3 Kommentare. Schreib was dazu

  1. ...

    s/but that's not true/but that's an incorrect usage/;
    s/even if \(some of\) their values are undef/including an undef key if it exists/;

  2. Andreas

    well, some points are not entirely correct.

    lets start with the hash ( or associative array ).

    a hash usually consists of 2 "parts", a mathematical function, which calculates a (numeric) position from an arbitrary key, and an usual "array" ( a single list, which contains ( pointers to ) additional lists ).

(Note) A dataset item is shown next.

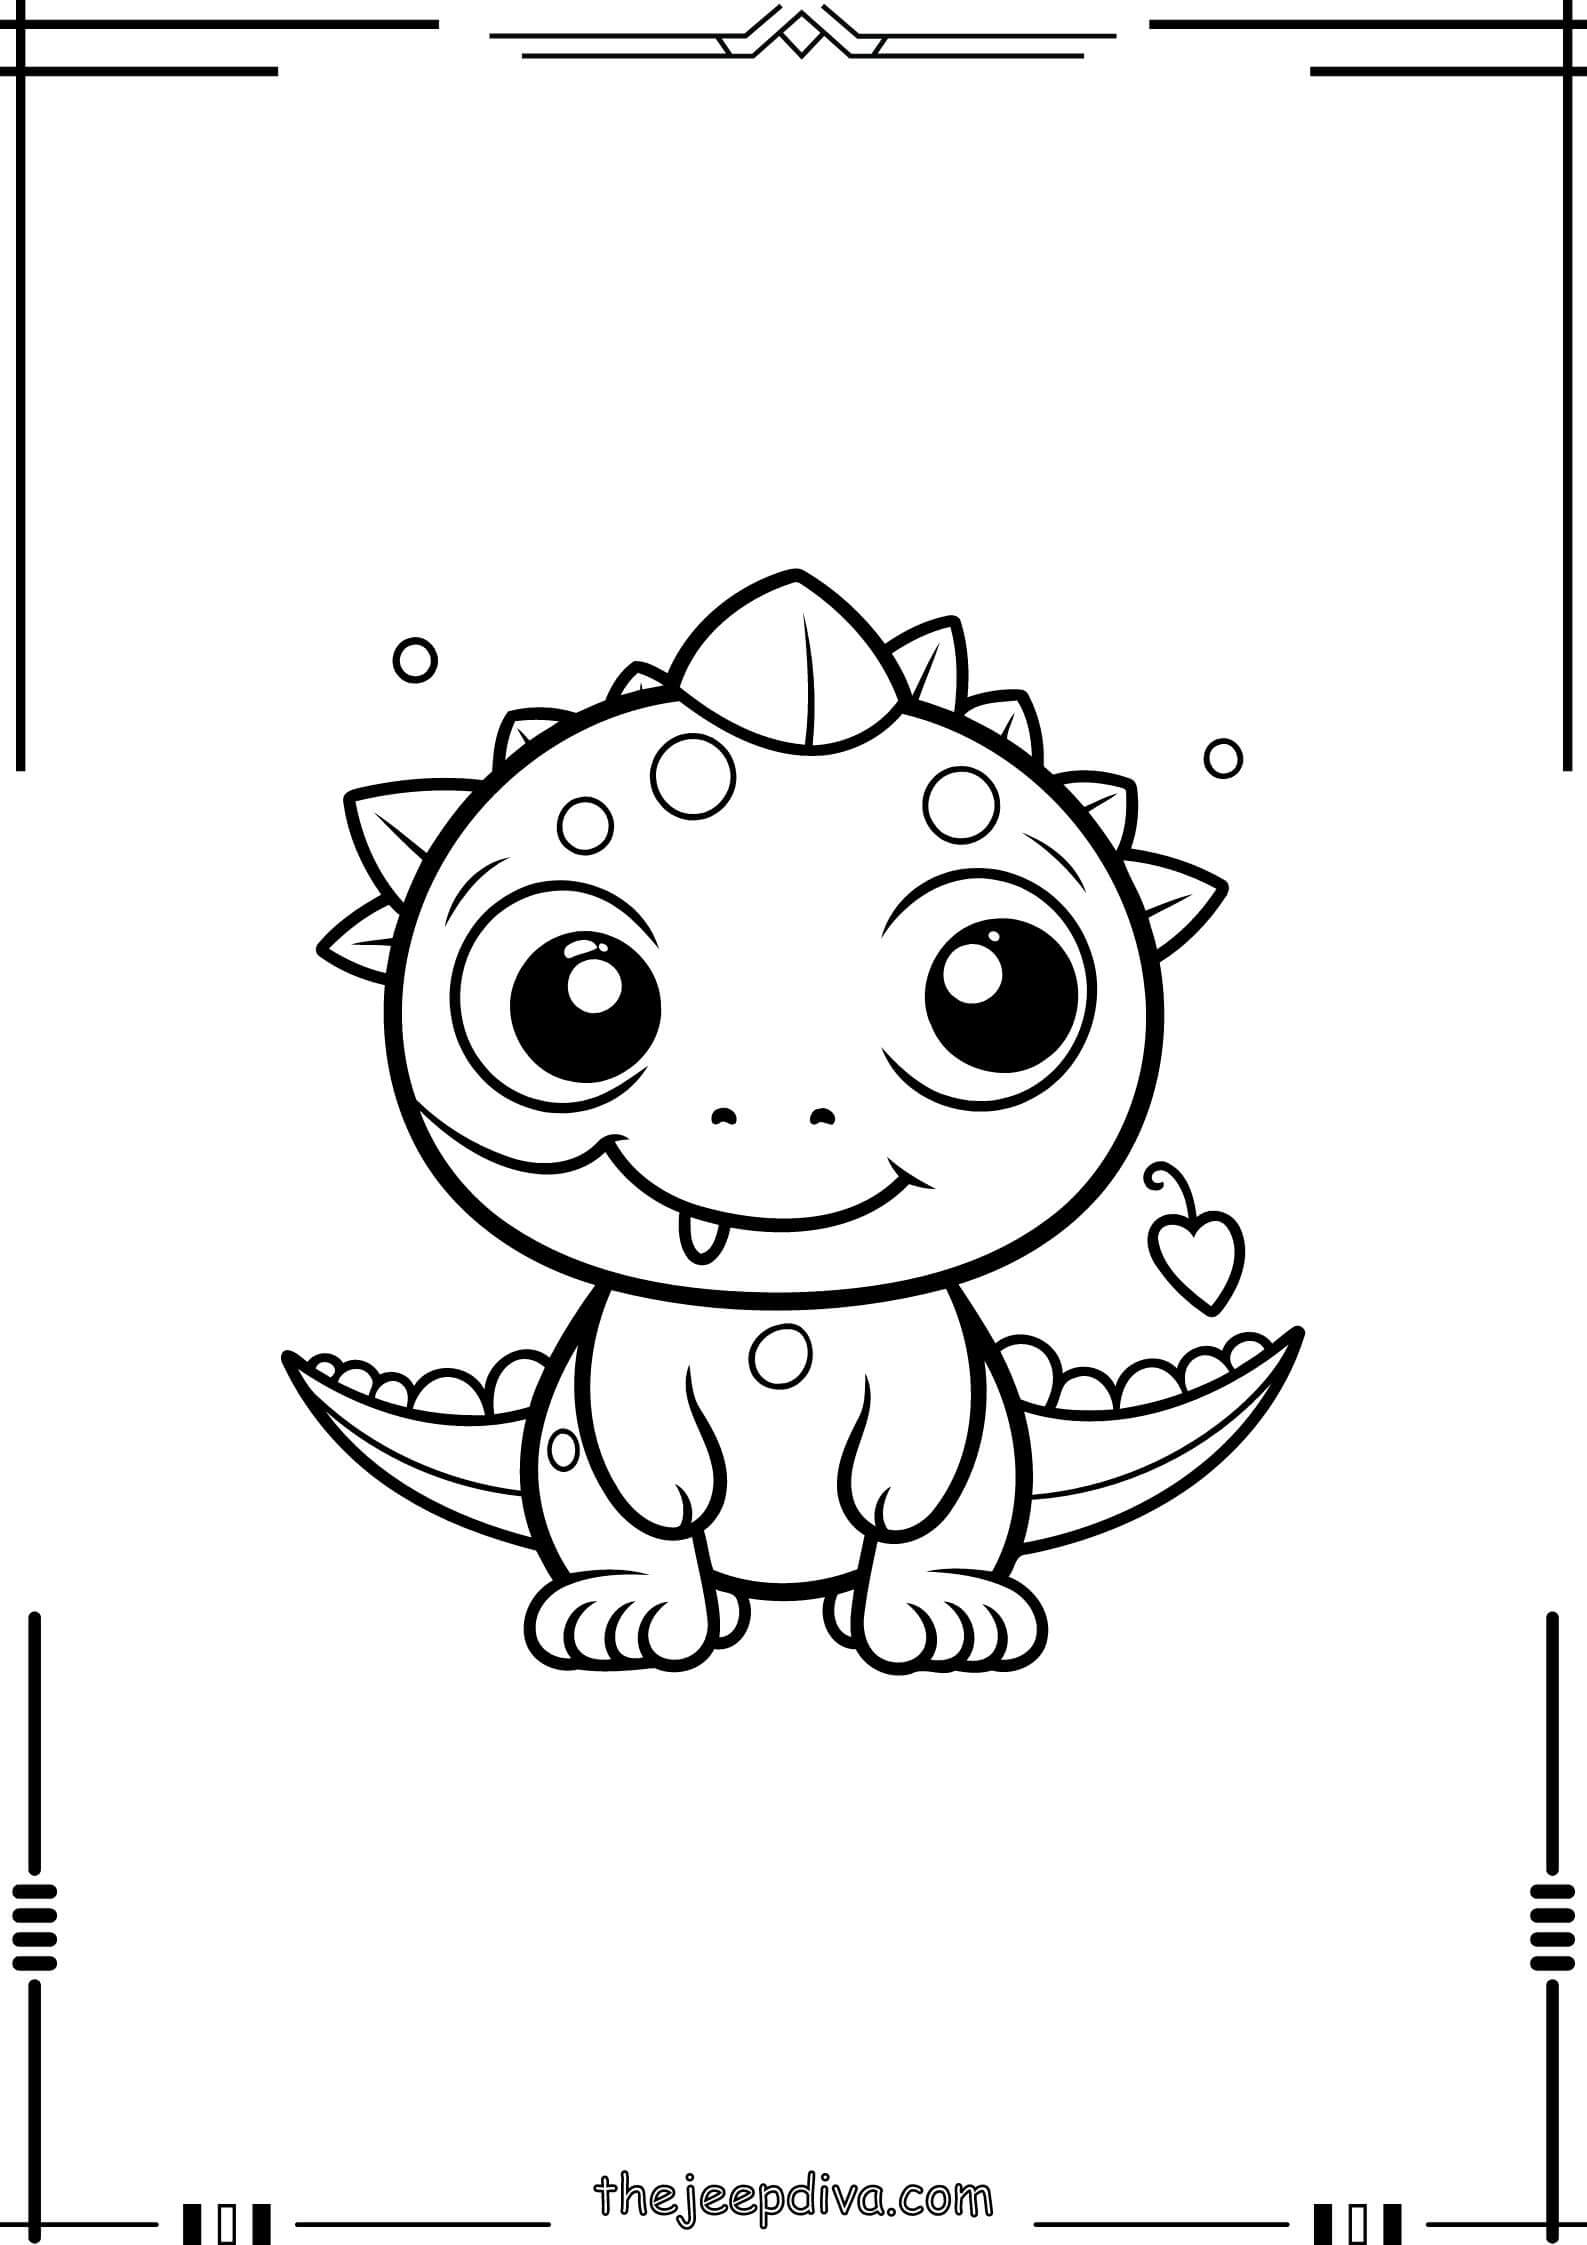 Dinosaur-Colouring-Pages-Easy-15

    lets assume, the mathematical function just sums up the ascii values of each charater in the key,
    the key "A" would be position 41, "B" 42, and so on. "AB" would be "83", but wait - "BA" would also be 83. so we have a "Hash Collision" ( ever heard that? ). So we need a 2nd list here ( another hash, or just an array ). And of course, each entry needs to store the original key and the original value.

    to dump a hash, you just iterate over the arrays, thats why the list is unordered, and why even if the disorder seems static, you cannot rely on it because the math behind it might change depending on the data.


    Furthermore, in the exists,defined,true,false - world, there had been a problem lurkig around when testing nested hash structures, which forced programmers to write constructs like:
    if( defined $hash && exists $hash->{$ref} && exists $hash->{$ref}->{$another} && exists $hash->{$ref}->{$another}->{$ref} && defined $hash->{$ref}->{$another}->{$ref} ).
    Not doing that crashed the program with a panic.
    Thats why these "elements" will nowadays be "auto-created" with an undefined value ( but they do exist, and will be returned with "keys" command. )

    "refs are not allowed as keys":
    oh, sure they are! you use the memory address of the data as a key then.
    mostly, this is a mistake.. but not in every case.
    for example if you have multiple objects, and want to store information to each object, you can easily do:
    my %callback = ();
    my $o = My::Object->new( host => gooogle.com, port => 80 );
    $callback{$o} = sub { reap_google_host_object };
    $o->run_asnc();
    [...]
    foreach $o in ( keys %callback ) {
    if( $o->is_finished ) {
    &$callback{$o}; # i know its discouraged, could also be written $callback{$o}();
    delete $callback{$o};
    }

    and thats perfectly valid :)

    • Sebastian

      Thank you for the explanation why the hash is unorderd. I think, the most important part is to know that it's unorderd and even a static-looking order isn't static.

      I don't agree with your last point. References may be used as keys, this is correct, but they are not usable as references any longer, just plain text. I'm pretty sure that your sample will break in the last foreach loop with "Can't call method "is_finished" without a package or object reference".

      #!/usr/bin/perl -l
      use strict; use warnings;
      my %x = ({foo => "bar"} => 2);
      my $key = (keys %x)[0];
      print $x{$key}; print $key; print ref($key); print $key->{foo};
      2
      HASH(0x23b2998)

      Can't use string ("HASH(0x23b2998)") as a HASH ref while "strict refs" in use at -e line 5.

      The script won't show the error without "use strict", but still won't be able to use the ref as ref.